# EXERCISE AIM:
Retype, exactly and completely, the listing that comes next, skipping its images.

[[ GIVEN INFORMATION open ]]

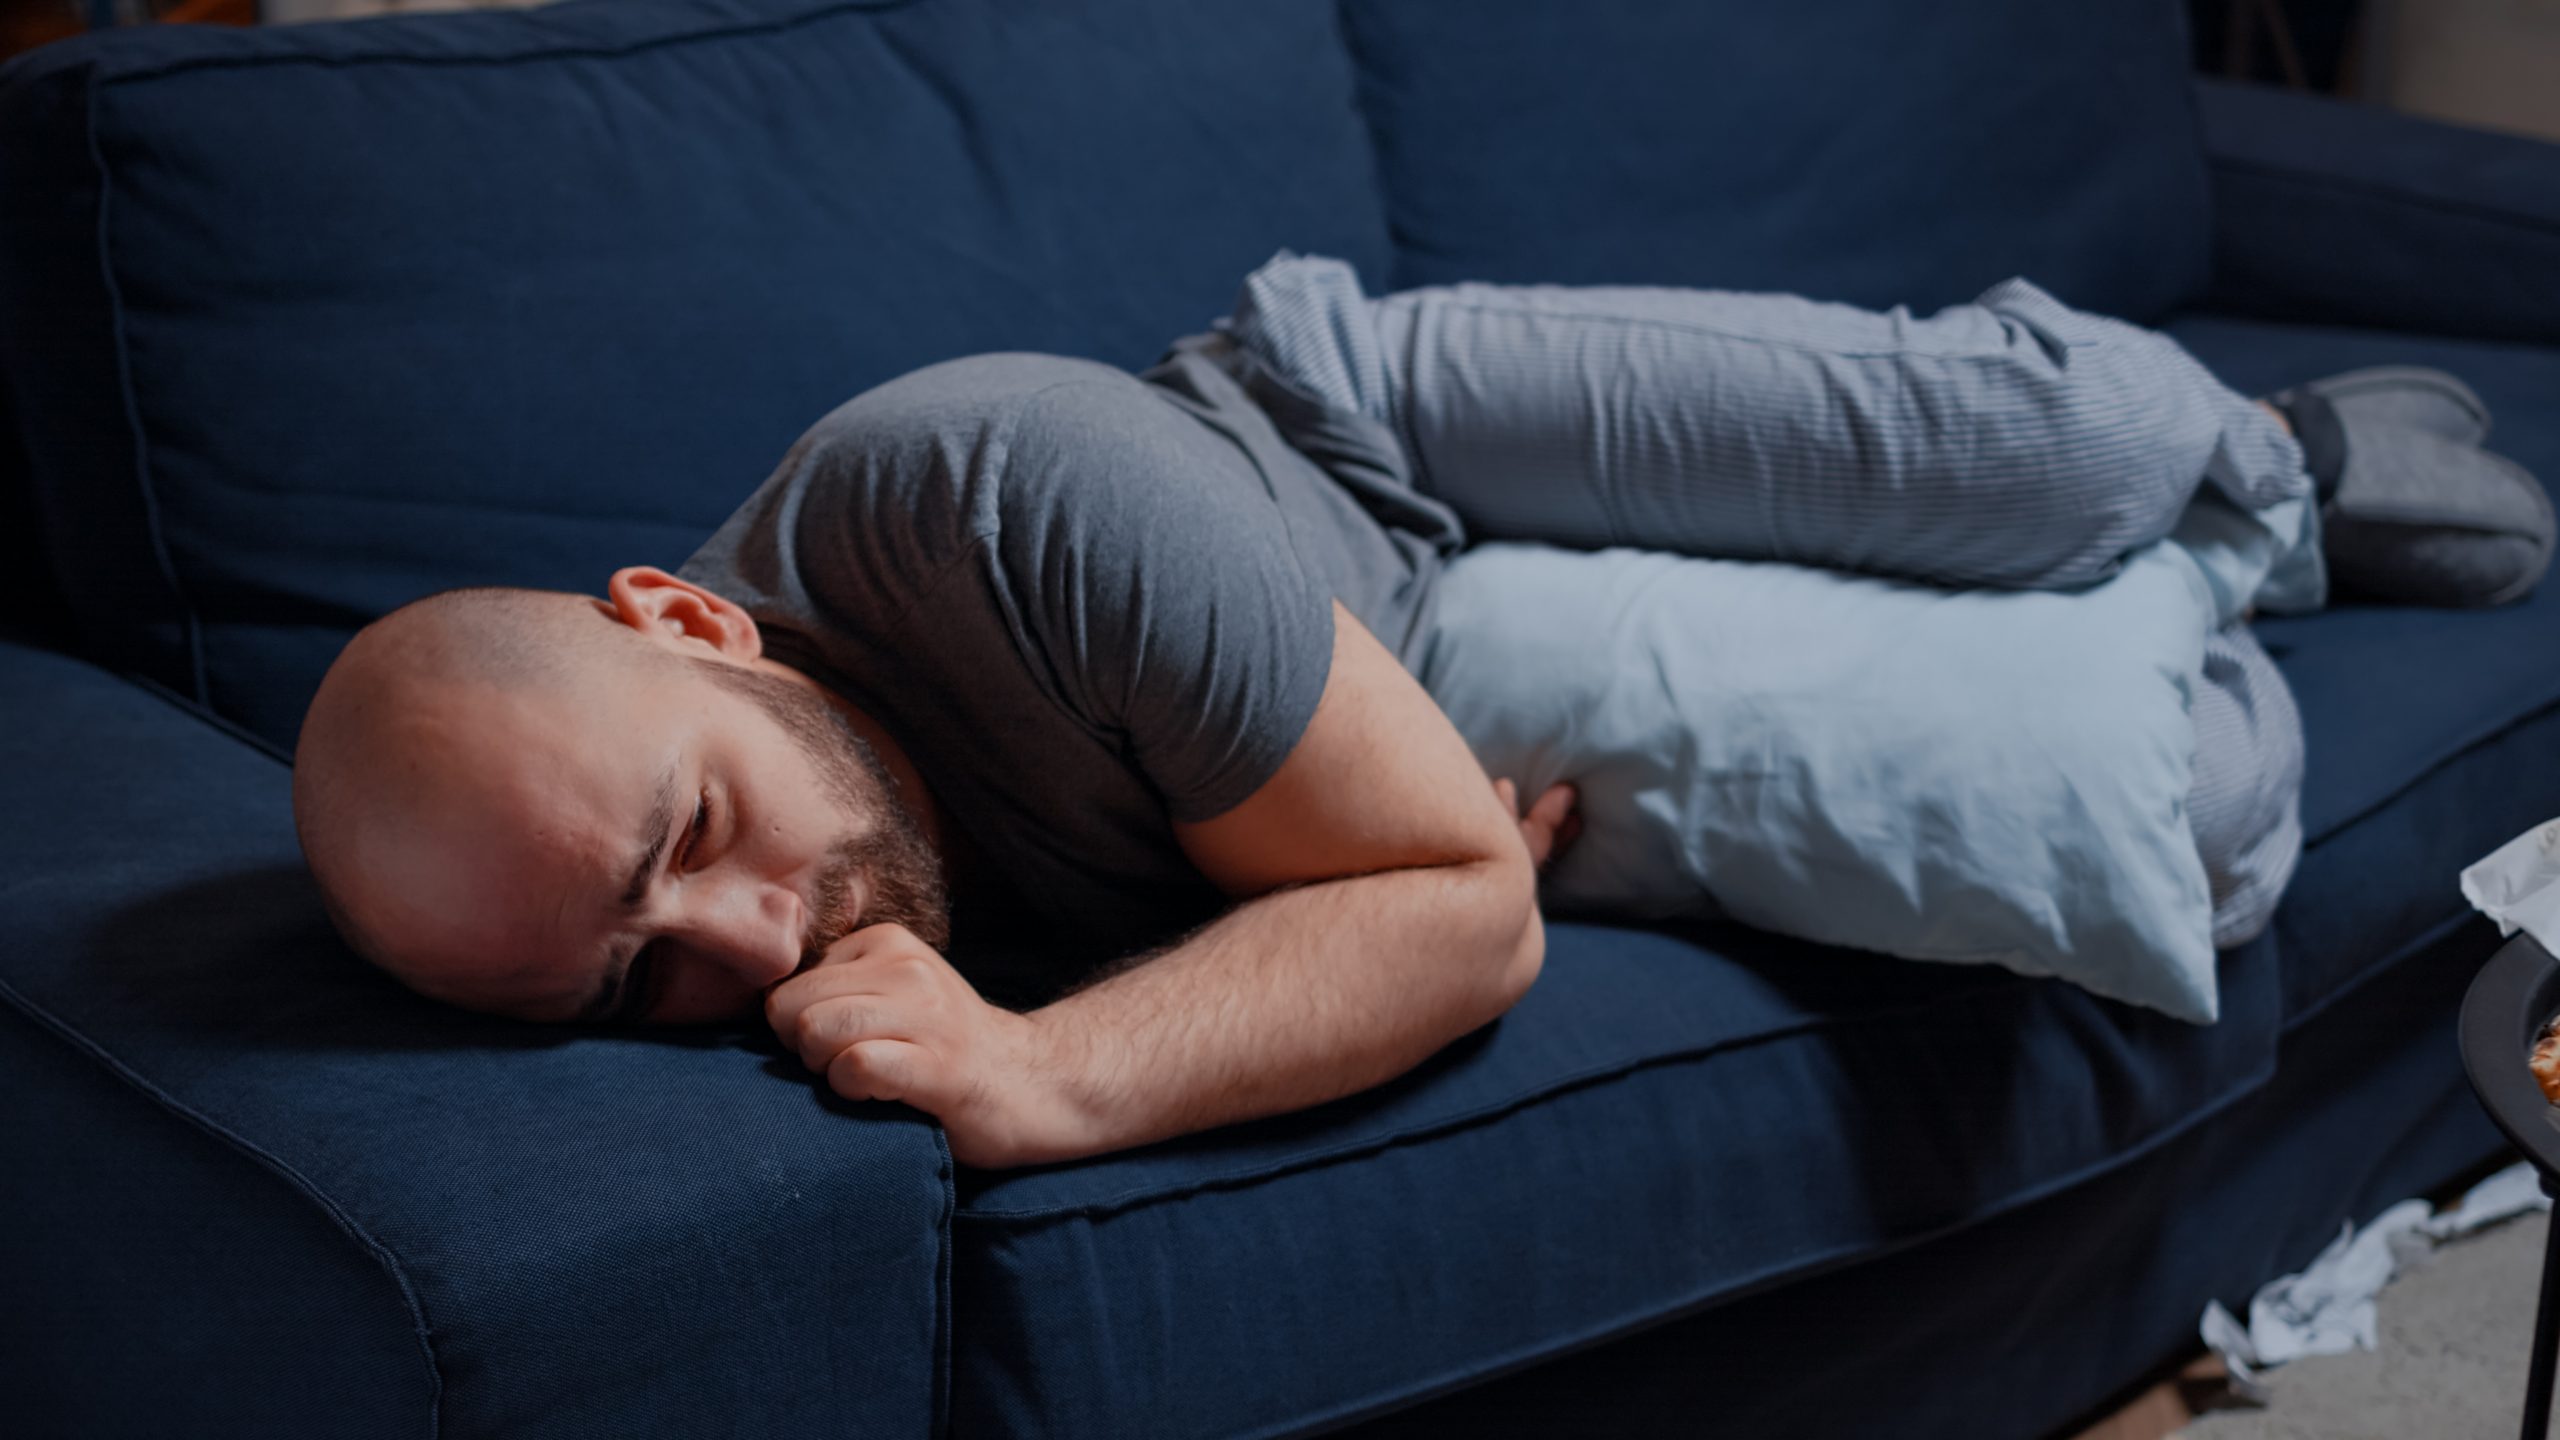 Sleep phase could heal PTSD
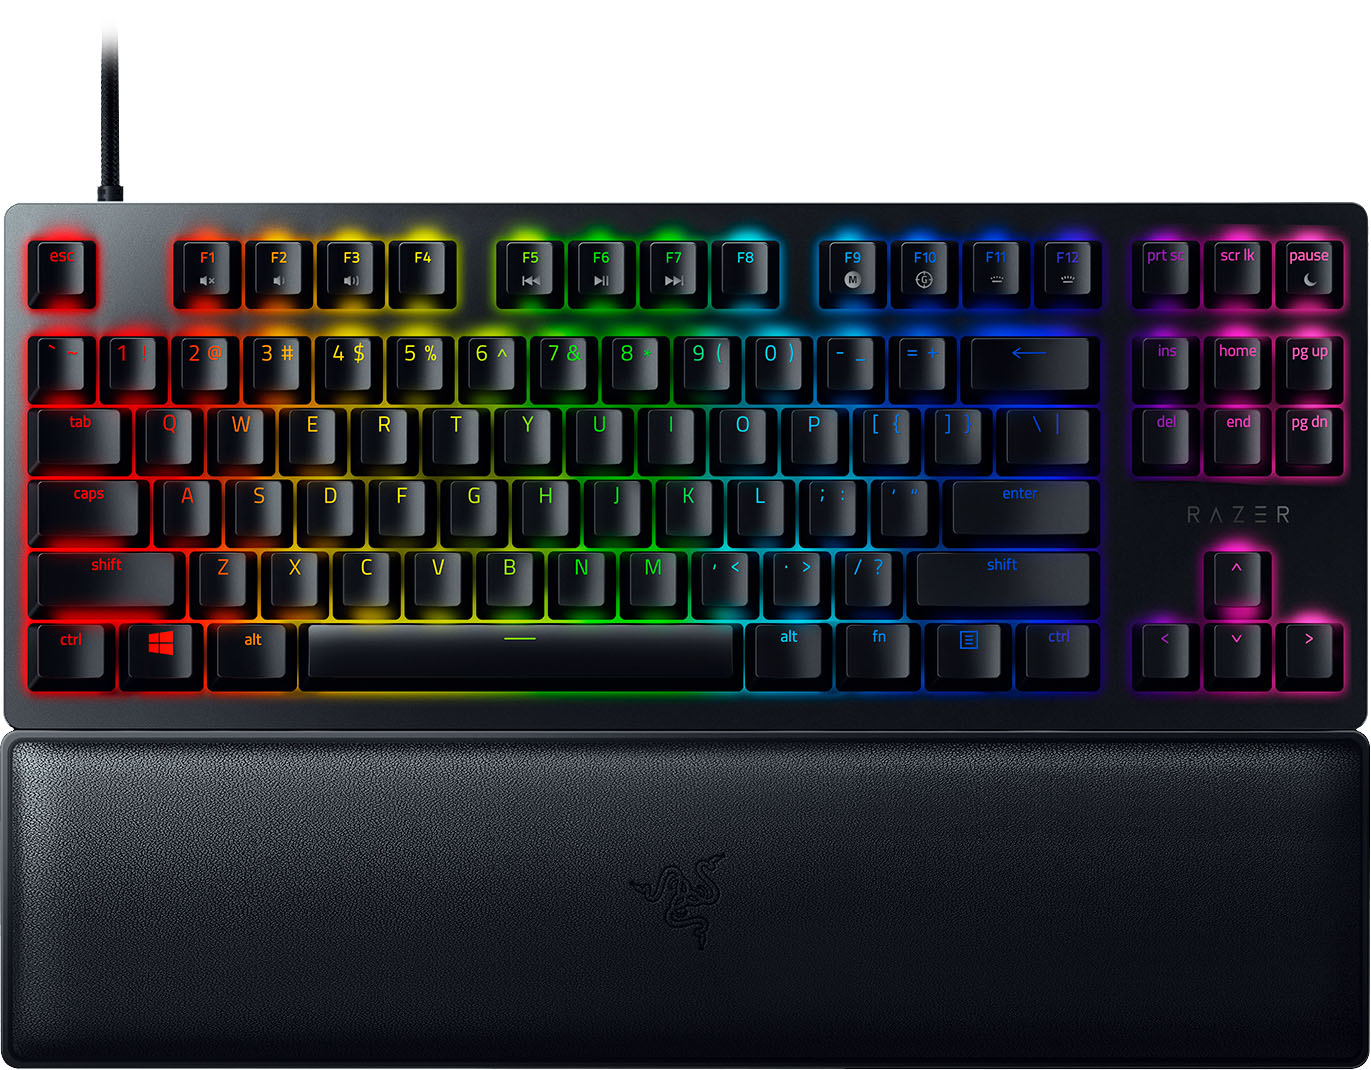 Razer - Huntsman V2 TKL Wired Optical Red Linear Switch Gaming Keyboard with Chroma RGB Backlighting - Black
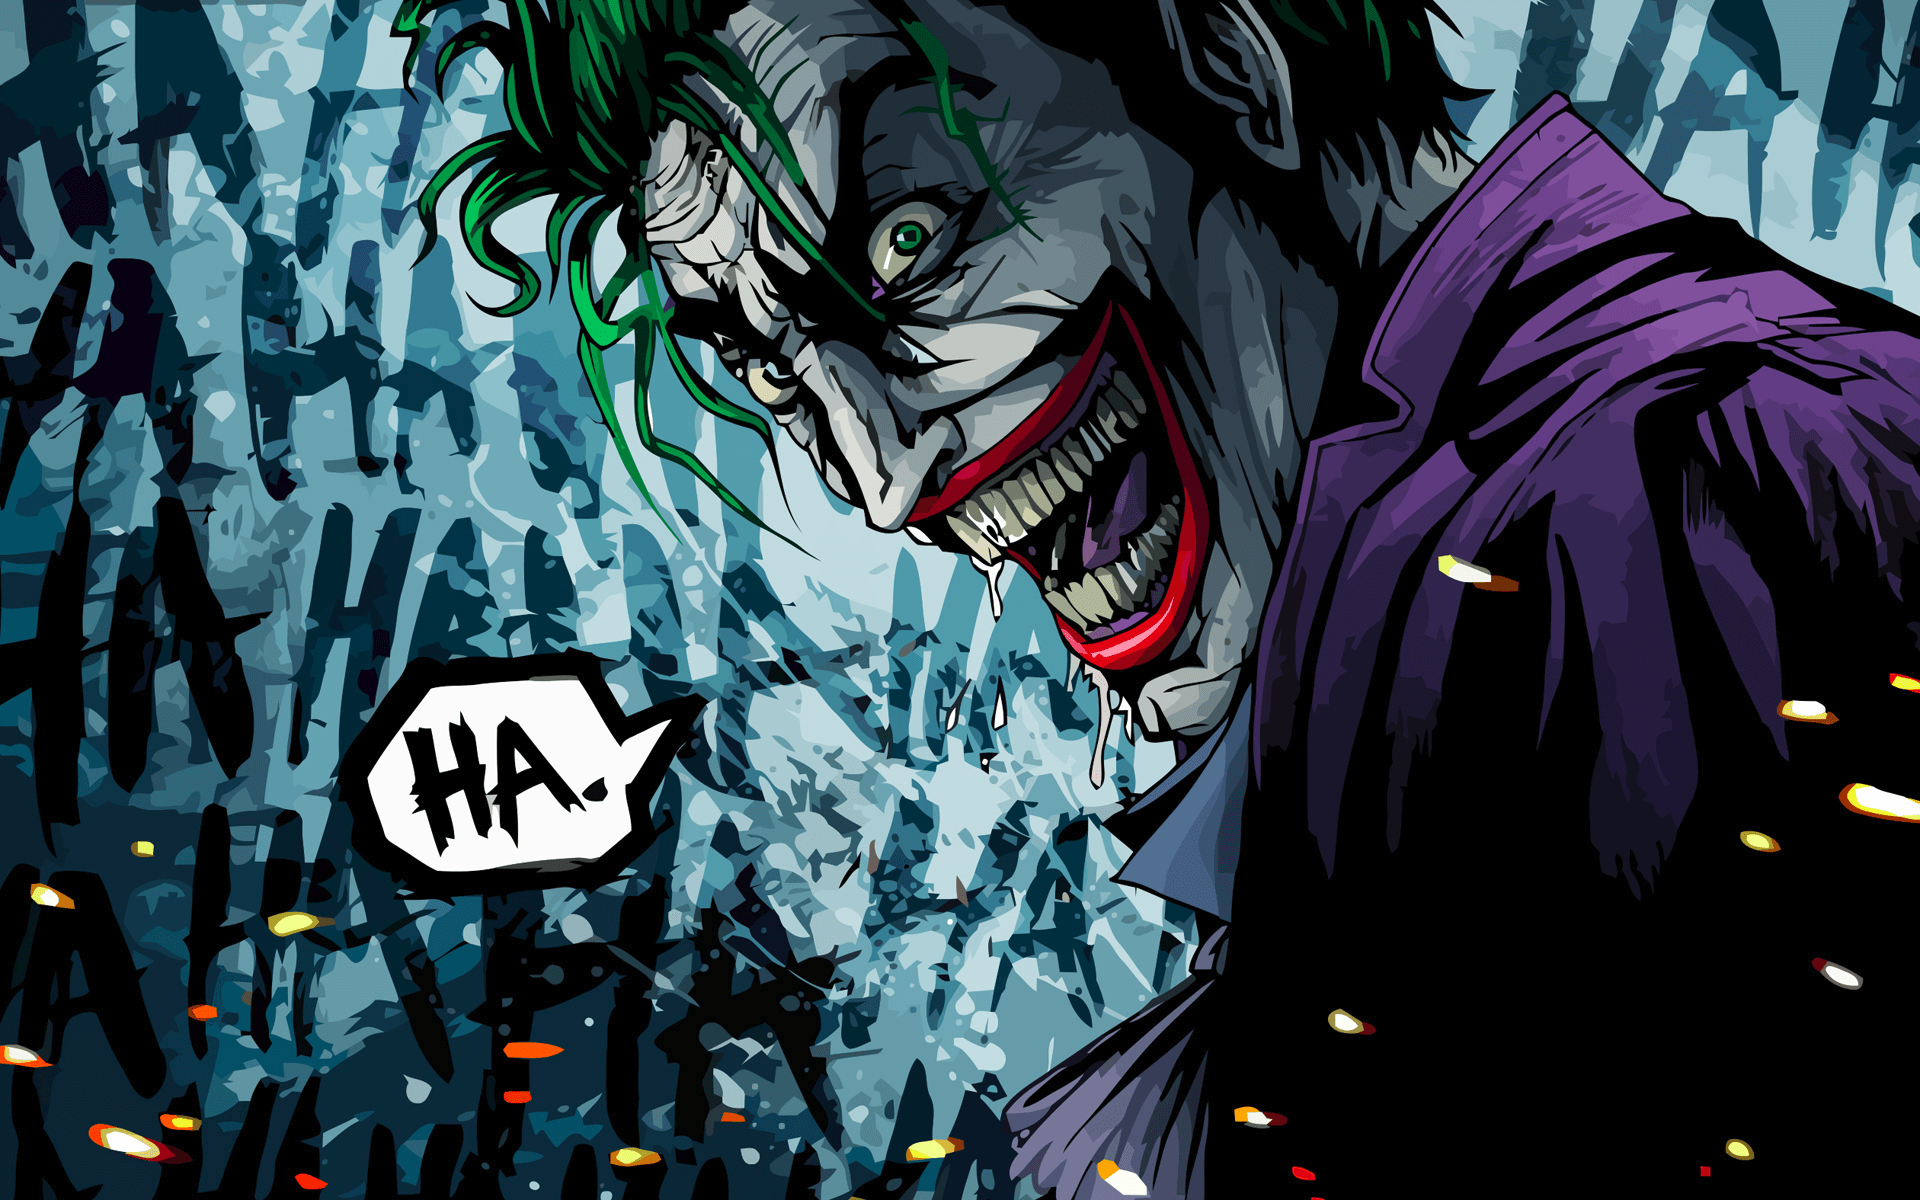 Joker Cartoon Wallpaper

[[ GIVEN INFORMATION closed ]]

# ANSWER BOX:
 Sleep phase could heal PTSD
 Razer - Huntsman V2 TKL Wired Optical Red Linear Switch Gaming Keyboard with Chroma RGB Backlighting - Black
 Joker Cartoon Wallpaper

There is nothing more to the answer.